すでに、大学を出たのが20年前になっている。法哲学のことも、もはや記憶の彼方へ消えかけているし、最近の成果については無知だ。

オウム真理教松本被告の死刑判決が確定した。この事件は、我々に大きな衝撃を与えた事件だったと思うが、私は「法律の地平」を思う。つまり、法哲学のことである。

法学は、一般に法律の解釈や判例やらの研究をする学問だと思われている。憲法学あたりだと、かなり教授によってイデオロギー色がつく。それは、日本では、憲法だけがイデオロギーの対象となって、他はそうならないからだ。ホントは、民法行政法こそ大事なのだと思うのだけど。憲法なんざ、、、とは言わない(笑)。

で、オウム心理教事件であるが、これは実は「内乱罪」だったのではないか、と思うのだ。組織的に、明白に国家転覆を目的とした事件であるから。事実、オウム真理教の幹部連中は、改悛の情が著しく捜査協力した林被告をのぞいて、全員死刑だ。被害者数と犯行の残虐性から考えると、致し方ないかと思う。

法哲学の最初のゼミで、教授はこう話してくれた。
内乱罪というものがある。国家転覆の罪である。ところが、内乱罪は、実は必ず未遂罪である。なぜならば、内乱が成功した場合は『革命』と呼ばれるので、内乱とは言わぬ。内乱を起こし、成就した集団は新政府をつくることになるが、彼らが『革命』の過程で起こした犯罪を、自ら裁くことなどあり得ないであろう。
新政府は、新憲法をつくり、その他の法律も制定しなおす。これは、正義の基準が変わることである。
さて。成功すれば『革命』失敗すれば『内乱』と法律は規定するのであるが、しからば、法における権力の源泉とは、いったい何ぞや?」

あるものは「いや、そもそも内乱罪などおかしい、造反有理だ!」と主張した(笑)。あるものは、そもそも正義などそんなもんだろう、と言った。あるものは、内乱と革命を分けるものは、法ではなくて別のものがあると思われると述べた。

内乱罪とは、実は「法律がとぎれる地平」である。法哲学の徒は、ここから「法律とは、本当は何なのか」という問いに対する回答を求めはじめる。
人が「死ぬ」つまり「人生がとぎれる地平」から、哲学(宗教といってもよい)を求め始めることと同じである。

その上に、載っていては分からない。そこがとぎれた地平からだと、物事の本質が見えるものである。そういう方法論を、私は大学で学んだ。いまだに、大いに役に立っている。困ったとき、どうすれば良いか分からなくなったとき、私はその問題の地平から考え直すことをする。

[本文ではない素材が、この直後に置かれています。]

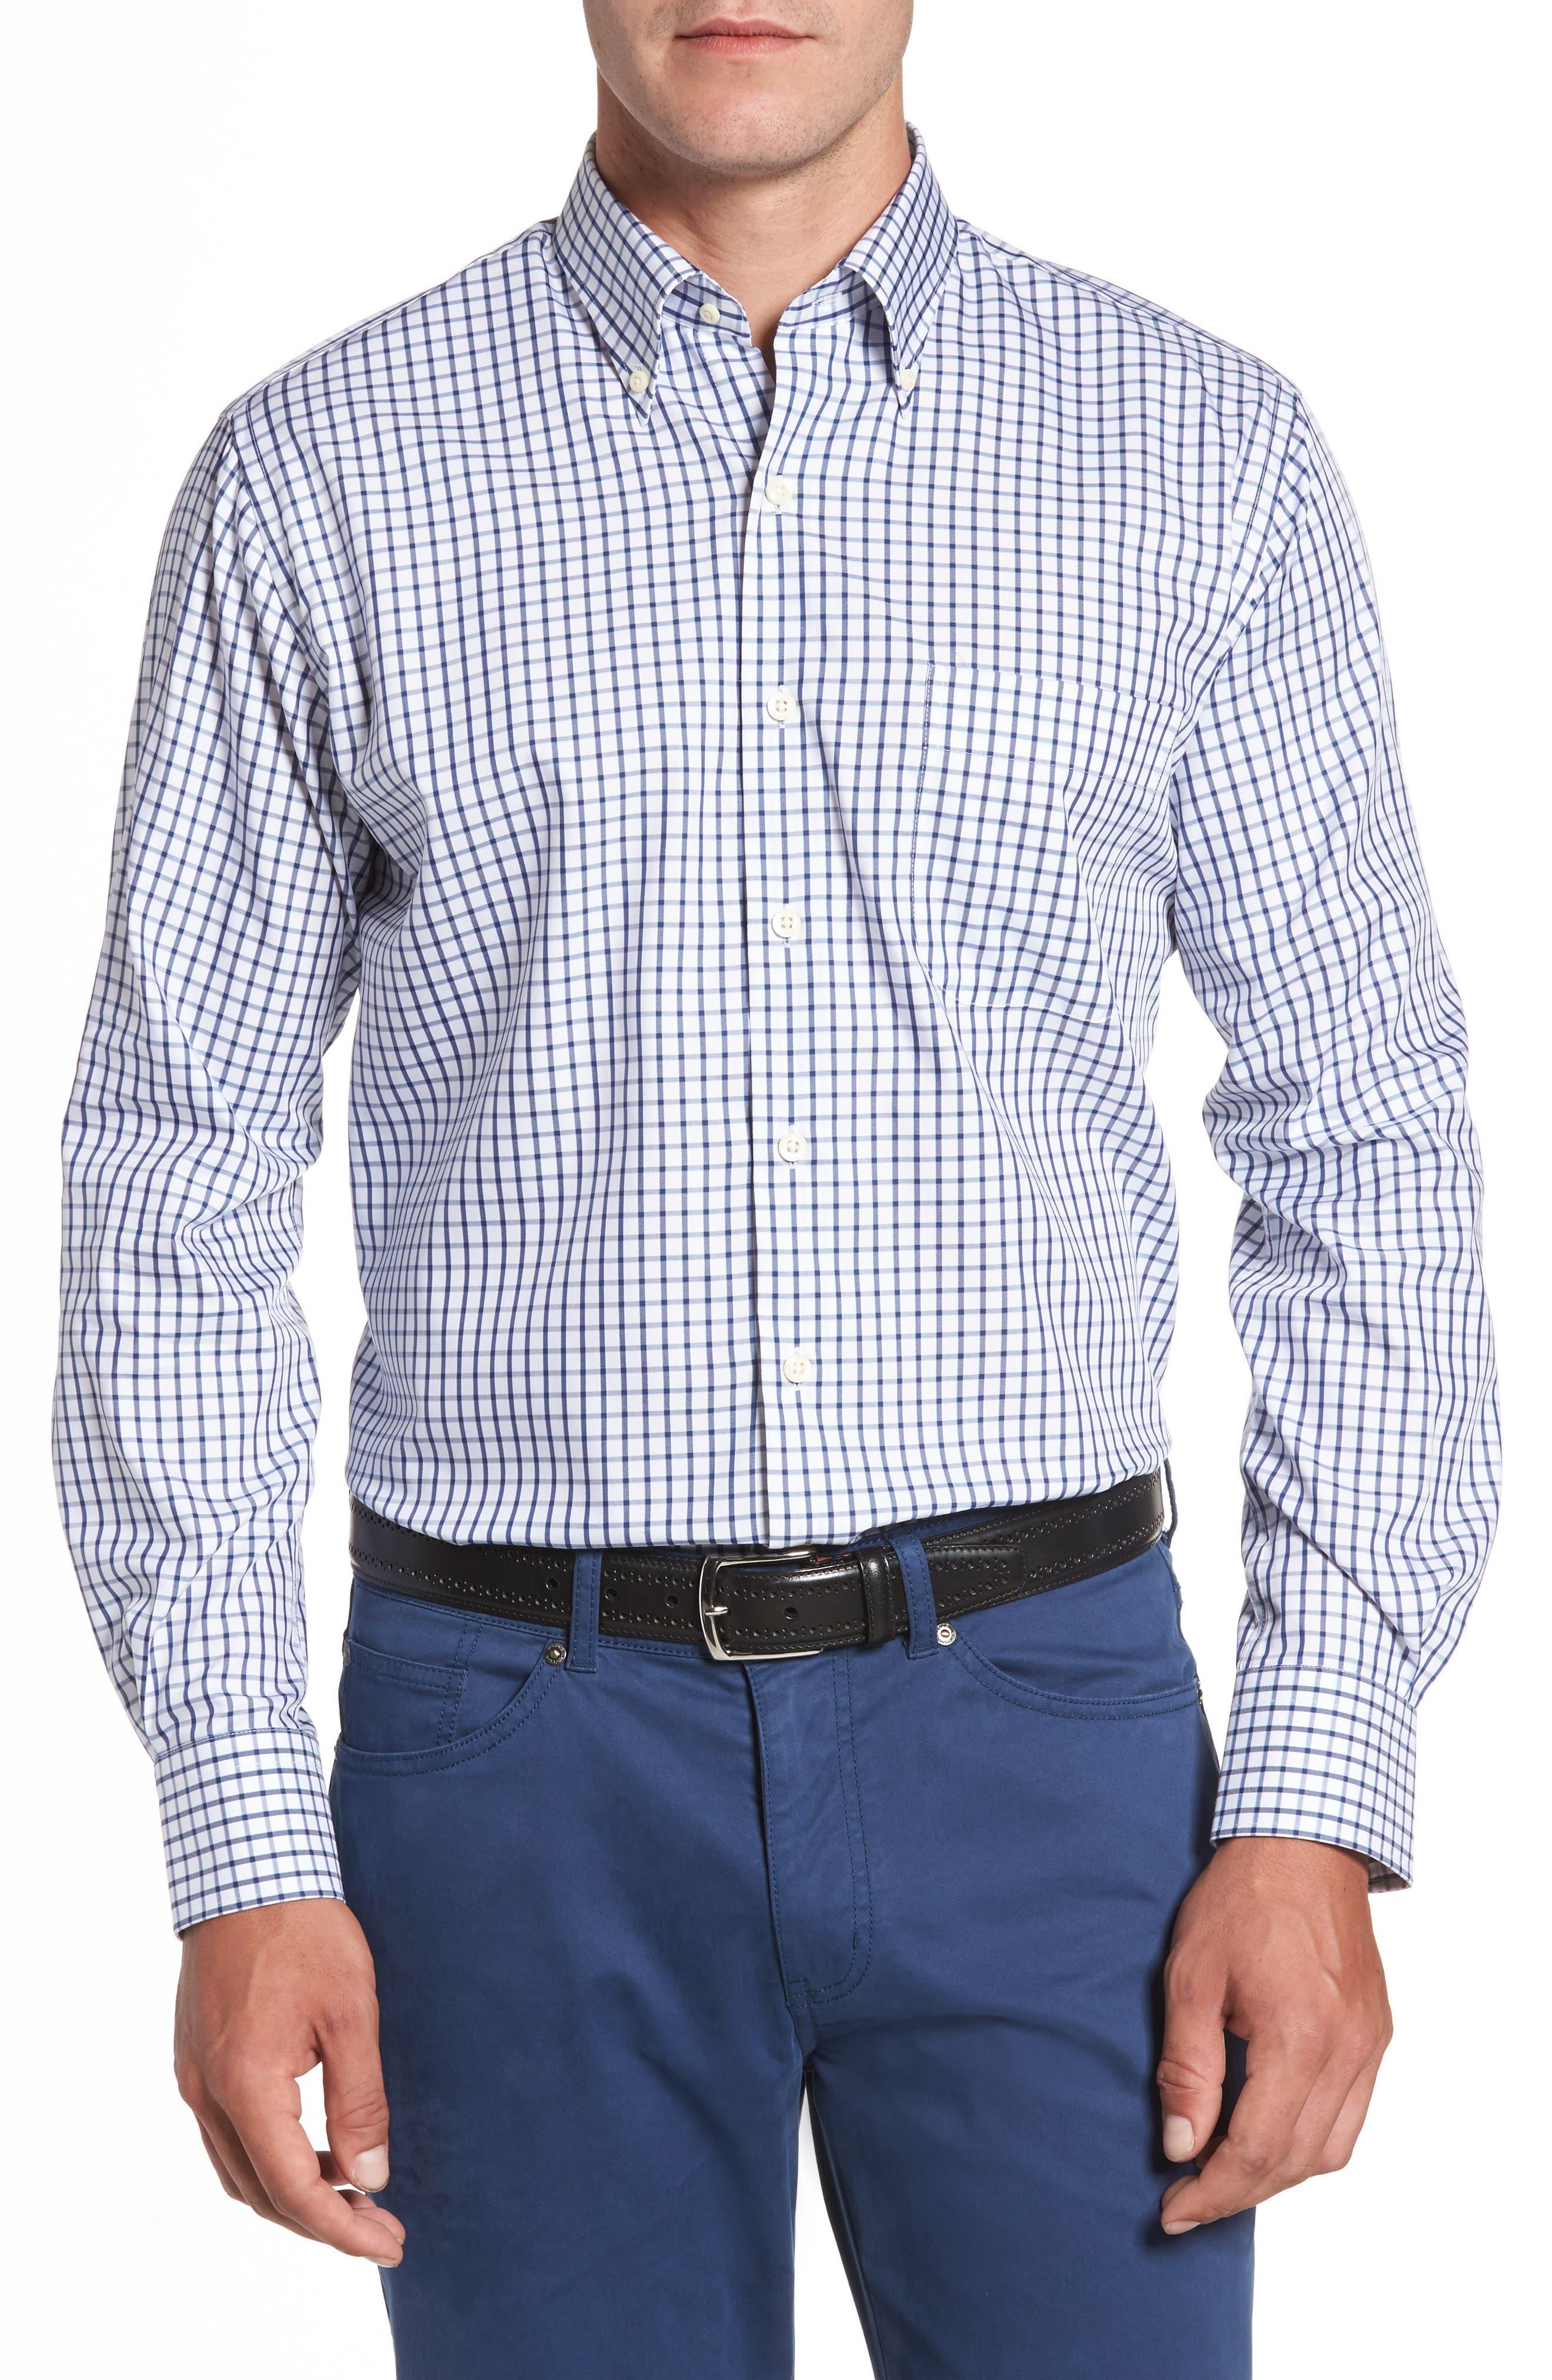 Crown Soft Nevada Tattersall Sport Shirt,                         Main,                         color, Midwinter Blue
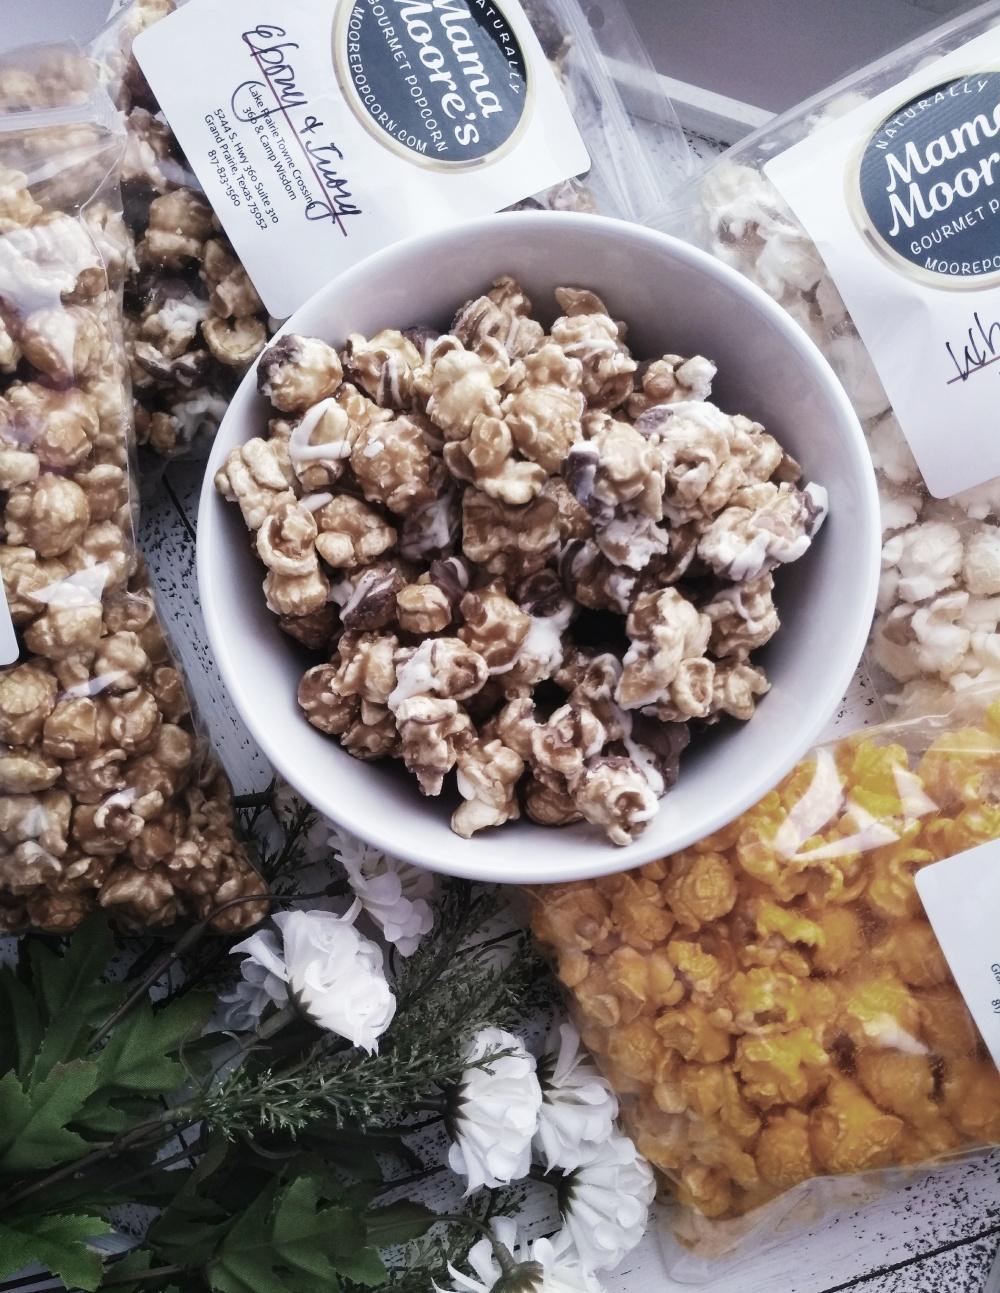 JustNatonya-Mama-Moore's-Gourmet-Popcorn

オウム真理教事件では、捜査の過程でたくさんの微罪逮捕が行われた。布教ビラをまくためにポストに入れば不法侵入だった。カッターナイフが発見されれば銃刀法違反だった。たまりかねて警官に文句を言えば公務執行妨害だった。
憲法には「法の下の平等」が定められているから、オウム事件に対するこれらの手法が正当だとするならば、当然、我々もこのような捜査を自分がされることも受け入れなければ憲法違反である。
私がテレビを見ていたとき、人権保護団体も護憲主義者も「憲法」の定める「法の下の平等」に基づいて論じるものは居なかった。ただ単に、破防法反対だとか人権侵害だと言っただけだった。なぜ憲法を持ち出さないのか?それは9条よりも「法の下の平等」のほうが、よほど明白で信頼すべき原則であり、それゆえにその話を持ち出してはマズイからであった。
私が、彼らを一切信用するに足らない連中だと判断したのは、まさにこの時のことである。